I am now thinking that it is not worthwhile trying to work on anything. Now I know that digging up stuff is not good but if it is going to help me deal with how little I trust him then it has to be dealt with. It’s as if he has withdrawn all of a sudden. I know that could be due to no sex for 2 weeks (I have a bad UTI) and sex is the furthest thing from my mind. He also said based on how I have been acting, he is not too sure whether I will be around or not in the future. I have threatened to leave after my second child moves to college. He says he wants to be a better man, but I hear lots of talk, little action. 
So it looks like when I show any sign of exerting independence and a search for transparency and honesty I get this BS. I hate him right now. If a man genuinely loved his wife and gave a s*** about making things right then he would open up. That’s how I feel. I am beginning to think that my marriage is dead and unless I just accept everything and move on or out of the marriage nothing will change. My IC says communication has broken down completely and I guess that is the problem, he has never been good at being open.
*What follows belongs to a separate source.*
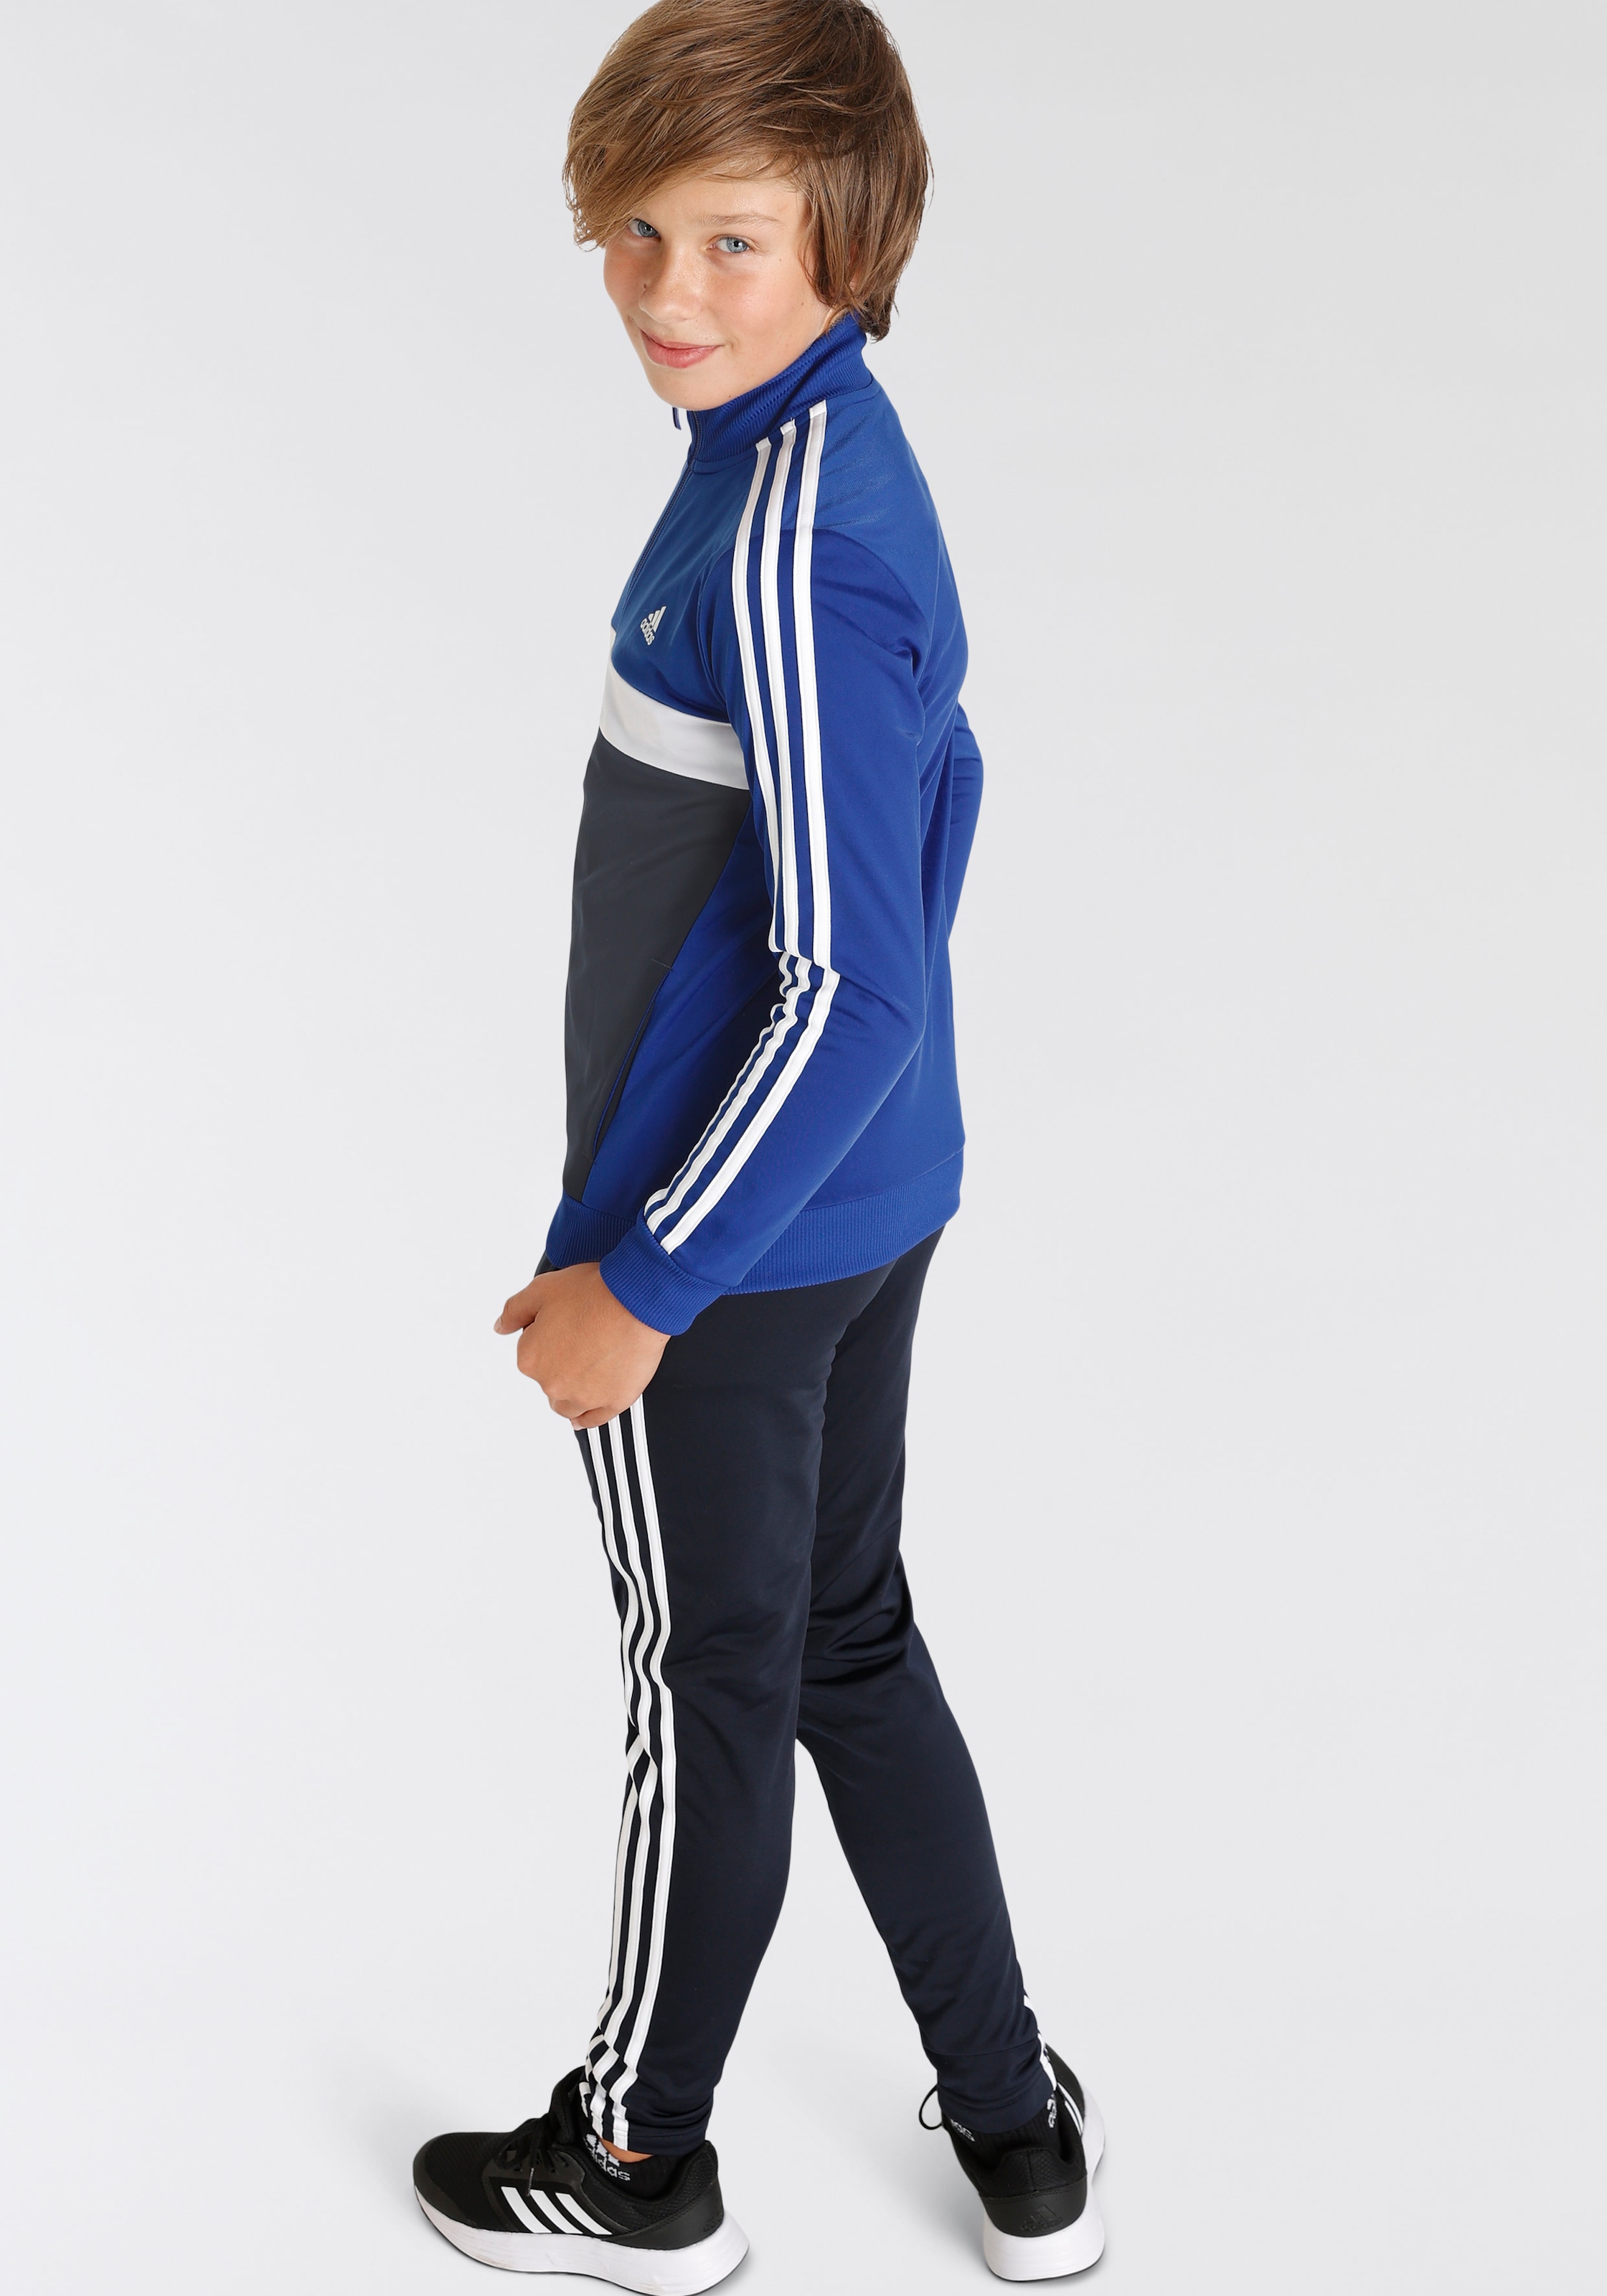 3S Shop Online (2 TIBERIO TS«, im »U Sportswear tlg.) OTTO Trainingsanzug adidas
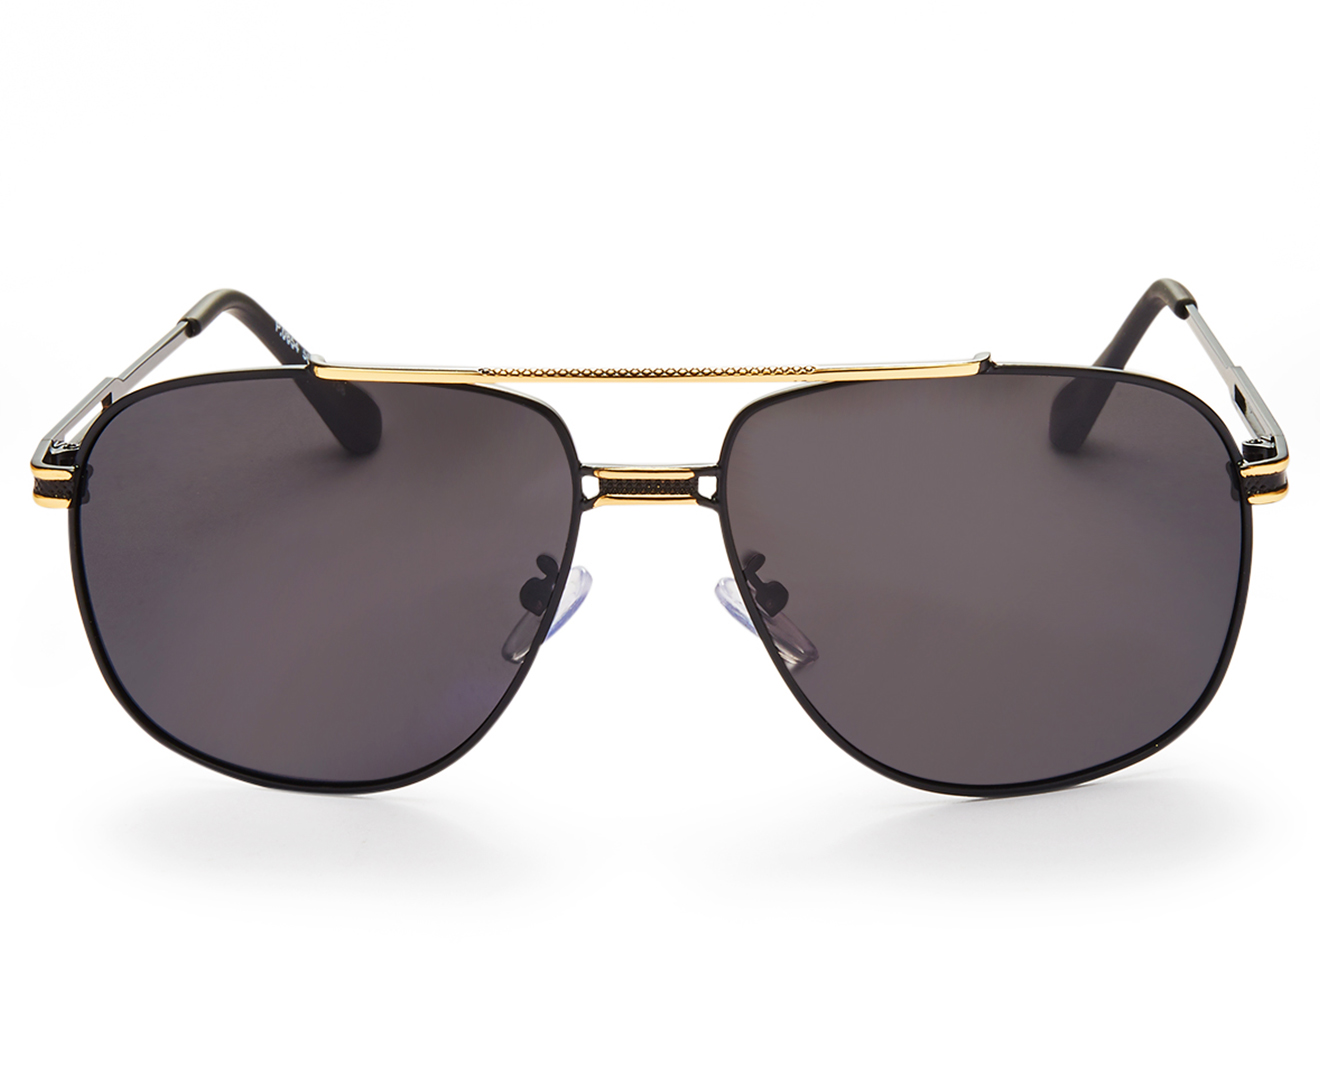 Winstonne Bentley Polarised Sunglasses - Black/Gold | GroceryRun.com.au

She has suggested some MCs but to be honest right now I think it will be a waste of time just going around in circles. I have read the book His Needs/Her Needs (he has not and will not). We also discussed the fact that he is a taker and I am a giver, but frankly I am really fed up giving. if I was financially independent I think I would just leave, it would be easier. Bear with me I am venting!


----------



## SecondTime'Round

He doesn't sound like someone capable of having a meaningful relationship/emotional connection. He probably doesn't want to rehash the affair because he's afraid you will not be able to get past it and will leave him. He will have to understand that you may very well leave him if he doesn't, so either way there's that possibility on the table. 

The fact that he won't even read the book isn't good either. It clearly shows that he has no interest in working together on your relationship and wants you to become just like him and his family.


----------



## Lostinthought61

You married a very selfish man whose needs are apparently more important then the needs of his family let alone you. I'm not sure you can through some one who refuses to participate in working on regaining your trust and love. I am sorry you are going through this difficult time.


----------



## aine

I agree, he has been a very selfish man and much of that is to do with his culture and upbringing. He was the oldest and therefore the sun shone out of his b**! I have no such illusions and let him know but he can be incredibly sensitive when it comes to his emotions or any 'attack' (that is the way he sees it) on him. In short he lacks empathy I think. There is little point in hammering someone over the head to get them to see my point of view I guess so I'll continue this way till I can get out. 
He has noticed I am much quieter now, I guess he doesn't realise that is because I am slowly beginning to check out. I can be nice, friendly, everything but that is it. 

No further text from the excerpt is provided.